Data excerpt ::
[Start of section]

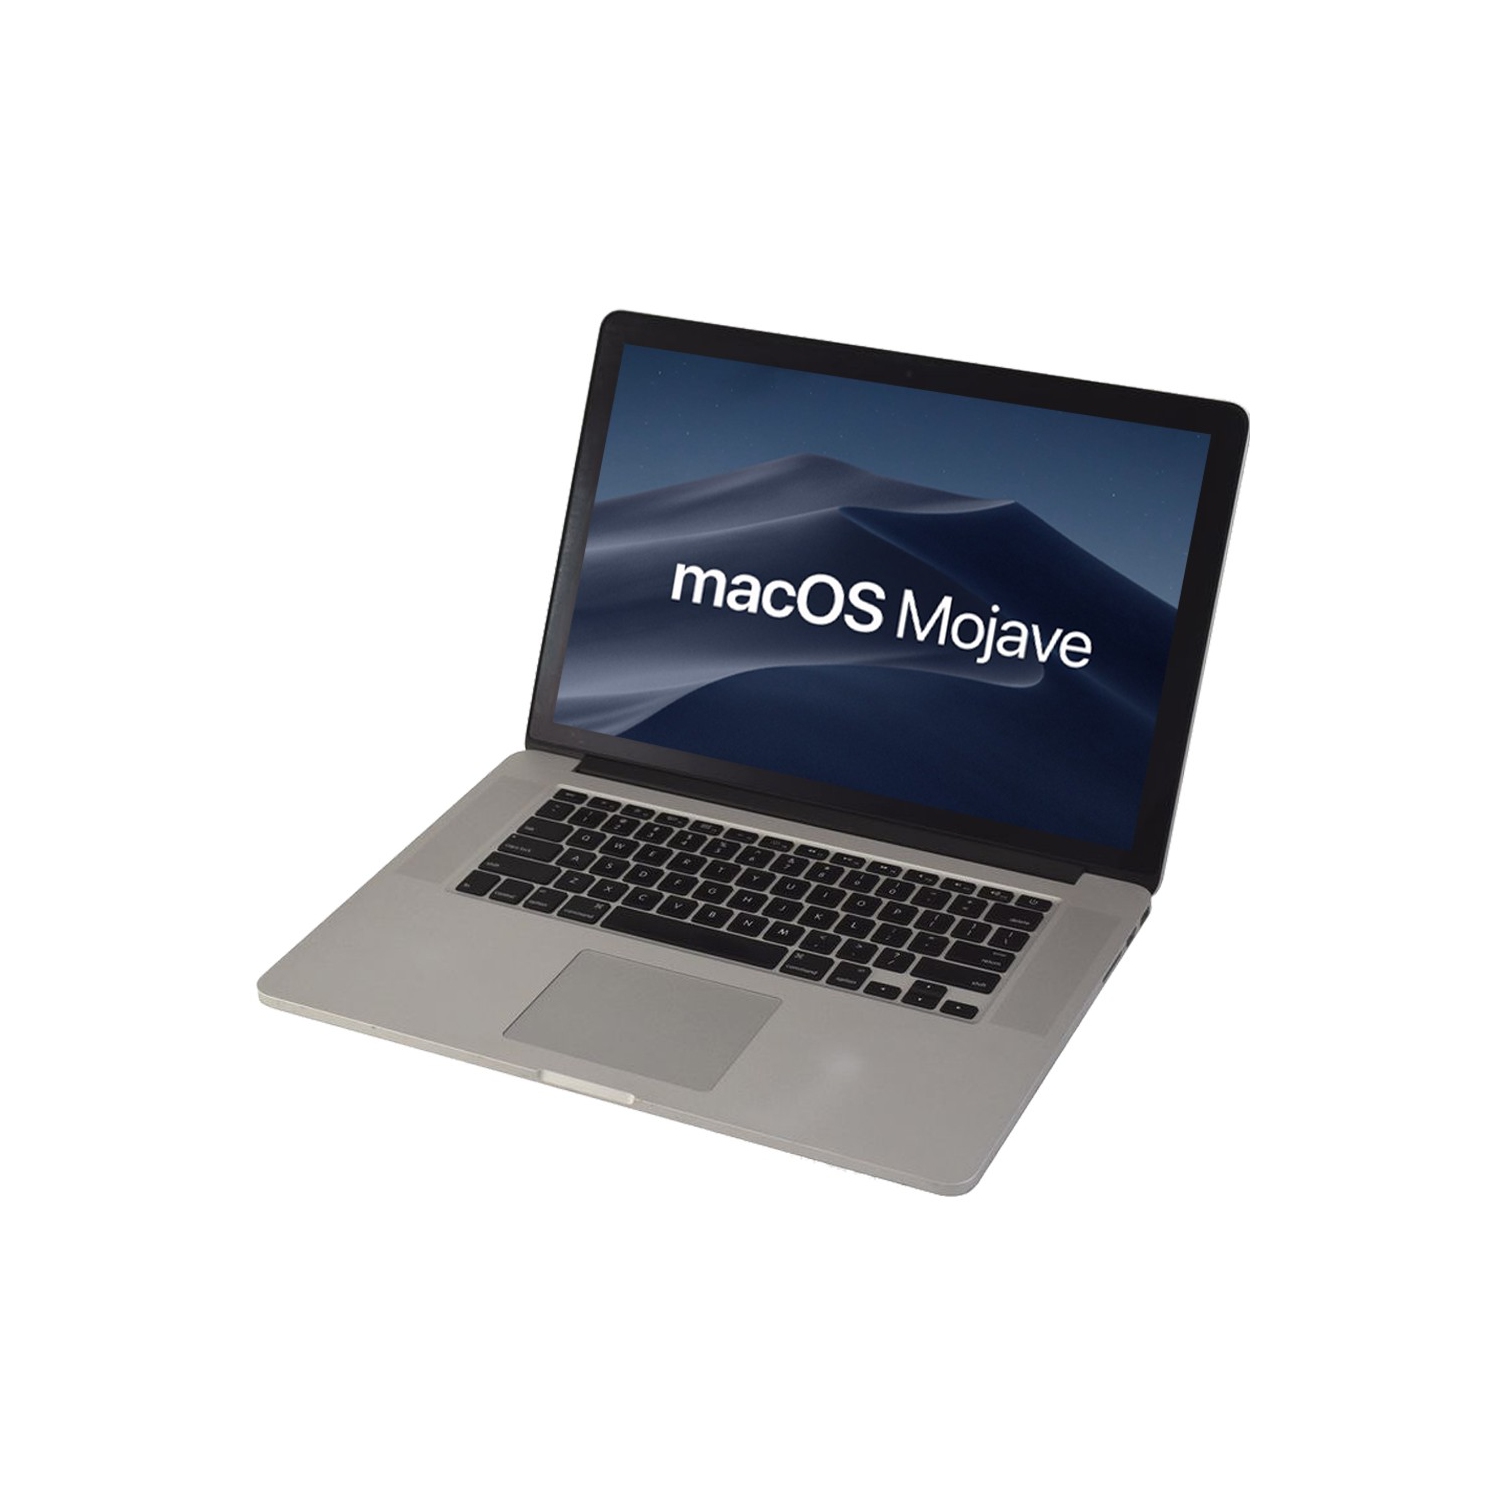 Refurbished (Excellent) - MacBook Pro Retina 15 A1398 i7 16GB / 1TB SSD (2015 Model) -Grade A 9/10! macOS Mojave New Apple Power Adapter
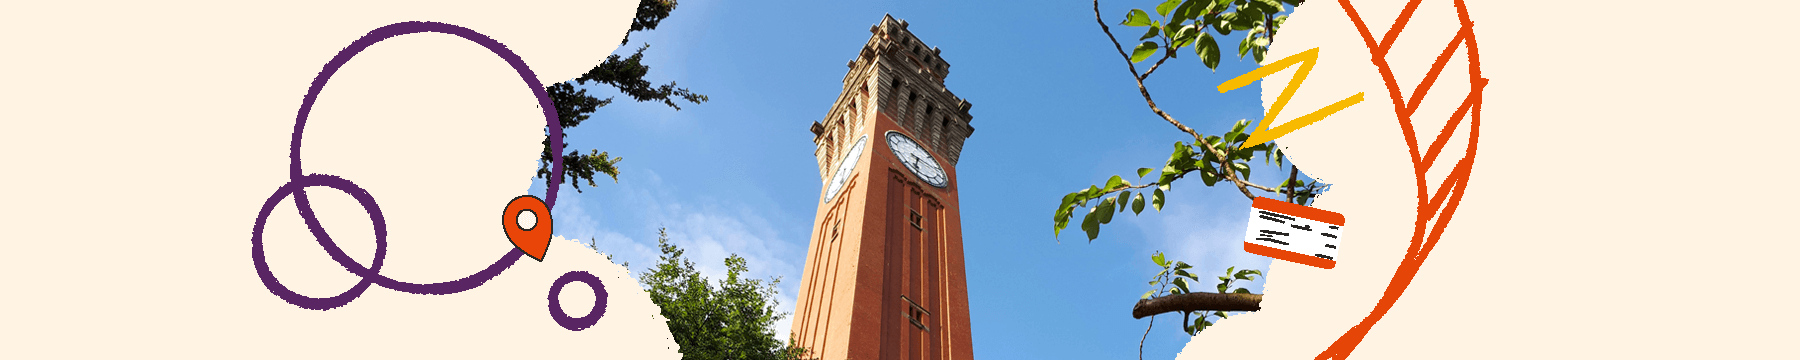 University of Birmingham Clock Tower
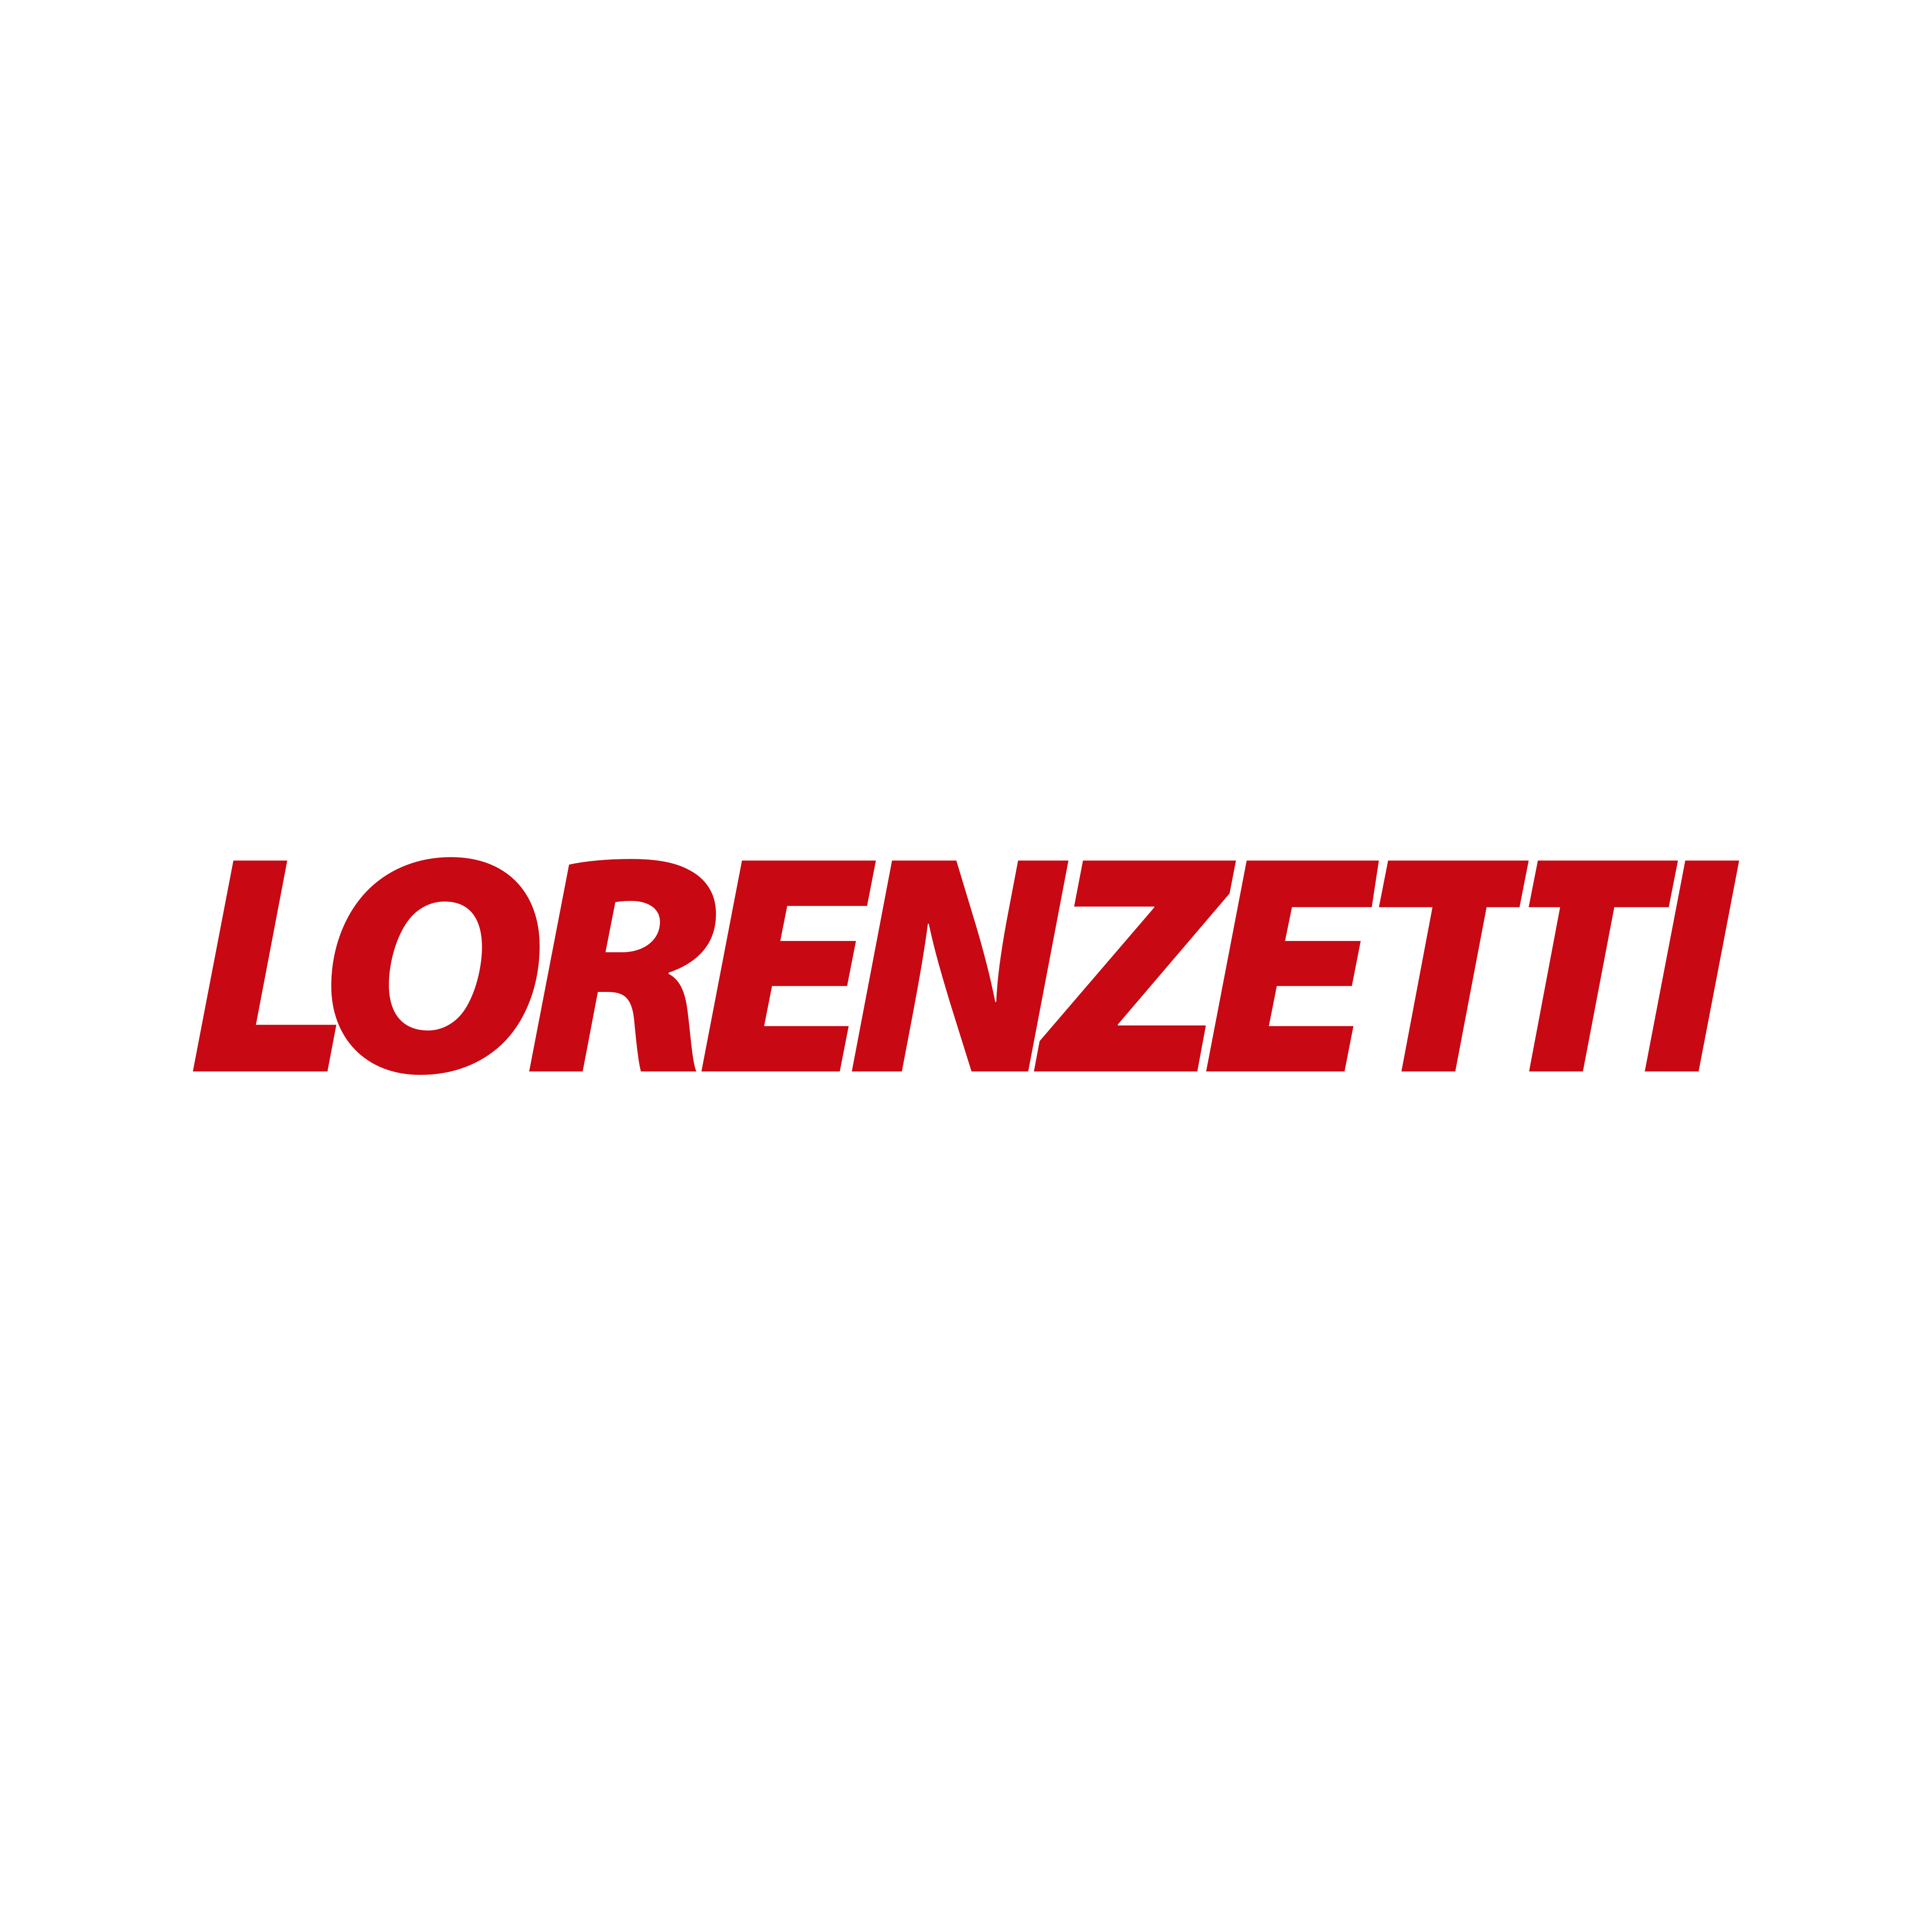 lorenzetti logo 0 - Lorenzetti Logo

[End of section]

Work item :: The expected answer is the full listing above, transcribed exactly and without pictures.

Written reply ::
 Refurbished (Excellent) - MacBook Pro Retina 15 A1398 i7 16GB / 1TB SSD (2015 Model) -Grade A 9/10! macOS Mojave New Apple Power Adapter
 University of Birmingham Clock Tower
 lorenzetti logo 0 - Lorenzetti Logo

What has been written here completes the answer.